I’m new to pipes, but like smoking and have always wanted one. I looked through the pipe dreamers section and found a few I like. I guess as a novice pipe smoker, is there any info I need to know before choosing one? I’m basically choosing based upon the look, not necessarily how easy a particular pipe might be to smoke or whatever other things there are to consider. I’d love some help.
I responded to Bill describing my philosophy of pipe acquisition: the Harry Potter approach:
Here’s the truth, the best way to start cultivating a collection of pipes is to simply choose one! I subscribe to the Harry Potter school of pipe choosing 😊. Like magic wands, the steward doesn’t choose the pipe but the pipe chooses the steward. You have listed two very similarly shaped pipes – both classic bent Billiards. Billiards are the most widely smoked pipes and the difference between a bent and straight billiard is obviously the stem, but more than that, the mood the steward is in. Each pipe has its own personality, and it takes time getting used to how they smoke and what they smoke best – types of tobacco. But your selections are great starter pipes. My choice would probably be the Bennington Supreme because of its provenance and it appears to be a higher quality pipe from a simple glance.

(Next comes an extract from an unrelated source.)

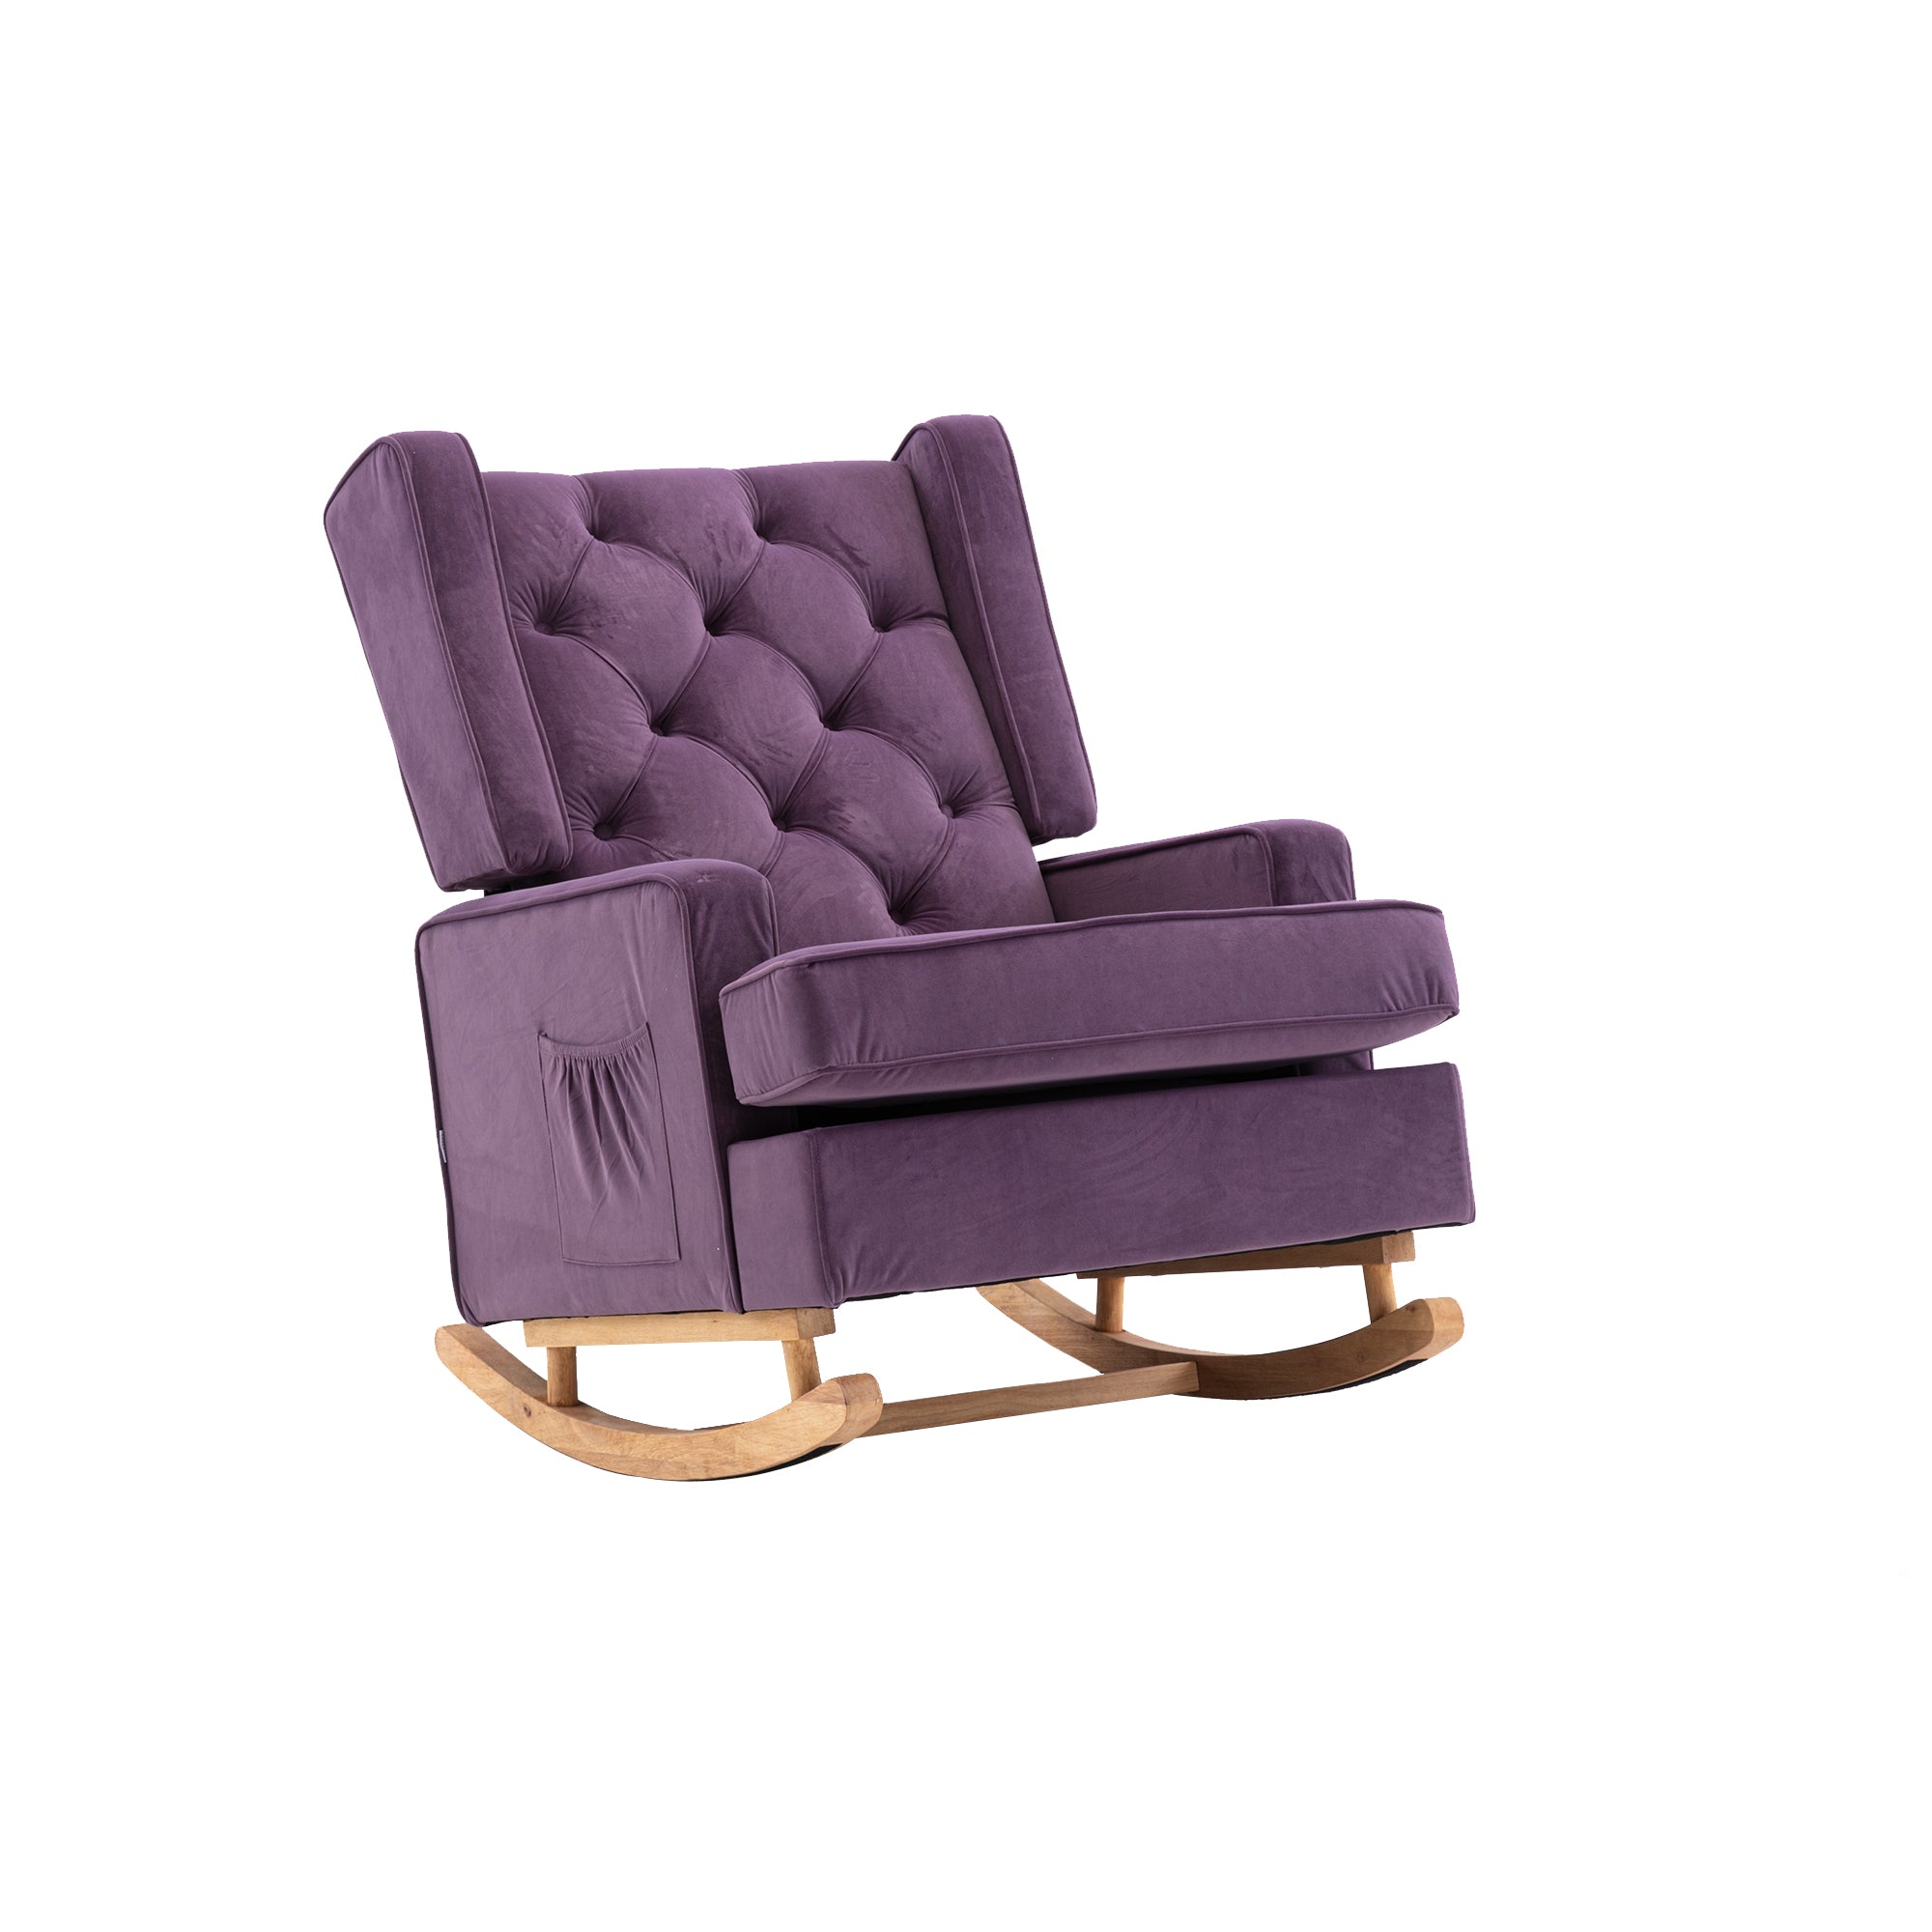 COOLMORE living room Comfortable rocking chair accent purple-polyester
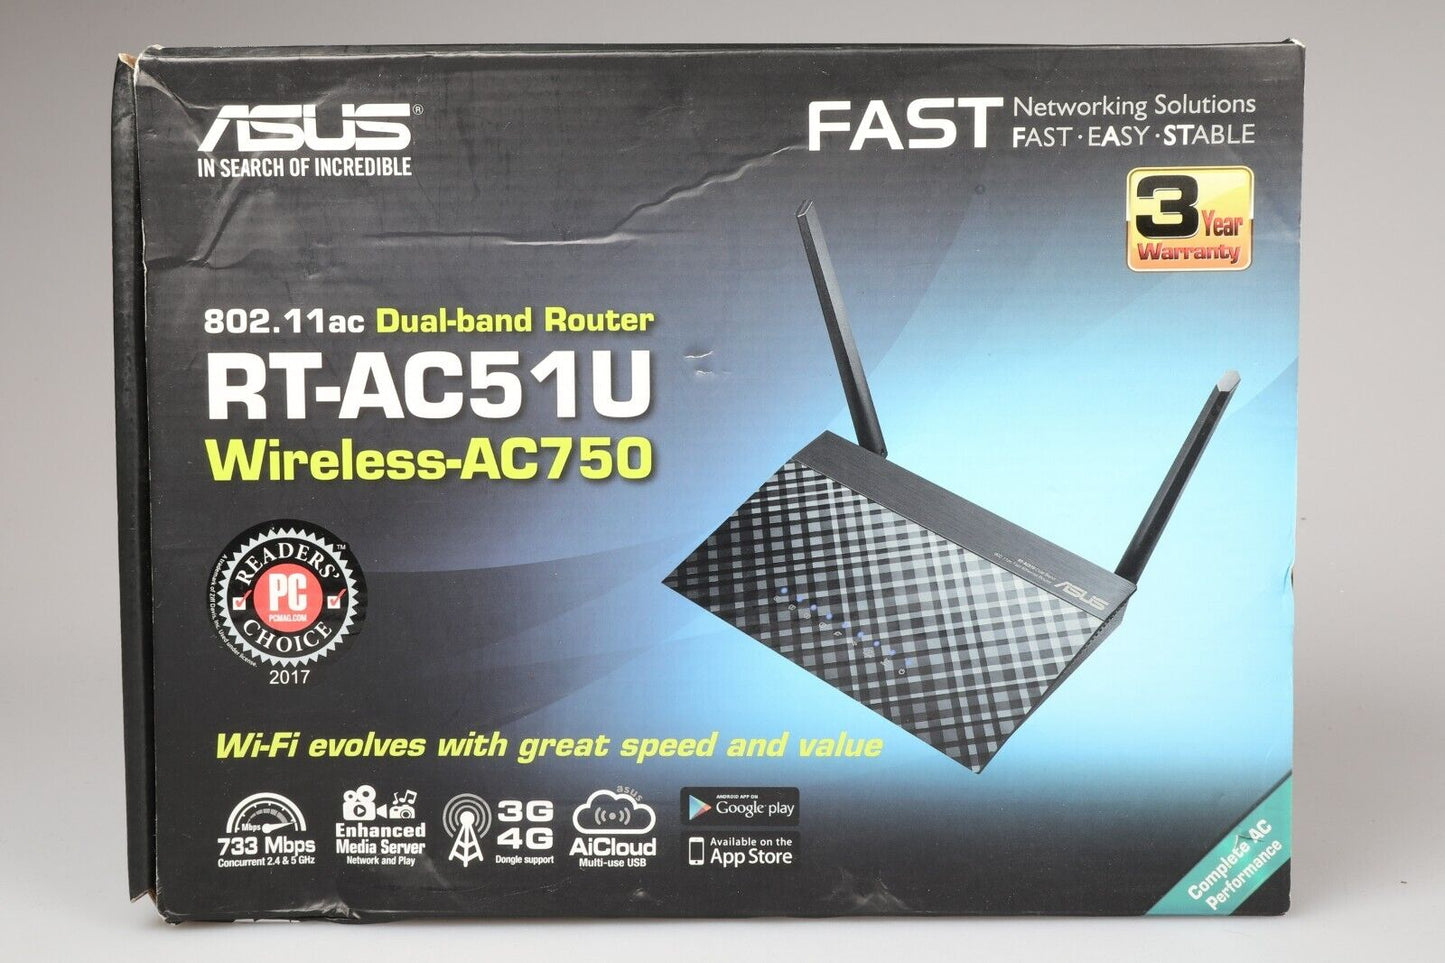 ASUS Network Solutions | RT-AC51U Wireless AC750 Dual-Band Router

Bill commissioned the Bennington and added that Bennington, Vermont, had a special place in his affections so the Bennington Supreme would be a good match – the pipe has already been whispering to Bill! I have never worked on a ‘Bennington’ before and was unfamiliar with the name. I was surprised when Bennington popped up very quickly in Pipedia. The article about Bennington revealed that the pipe on the table was a shop pipe from a tobacconist based in Florida. I discovered that pictures on Pipedia had come from the Bennington website which was full of the shop’s history and offerings that would please both pipe men and women as well as cigar aficionados. I include the entire Pipedia Bennington article which is cool – authentic tobacconists that mix tobaccos and provide the setting to enjoy the aromas and fellowship are an endangered part of tobacco pipe culture. The article reads:
Bennington Tobacconist is located in Sarasota and Boca Raton, Florida, and has sold several lines of pipes over the years made by fine companies, including the Bennington Royale, made by Savinelli, the Bennington Belfast, made by Peterson, and others.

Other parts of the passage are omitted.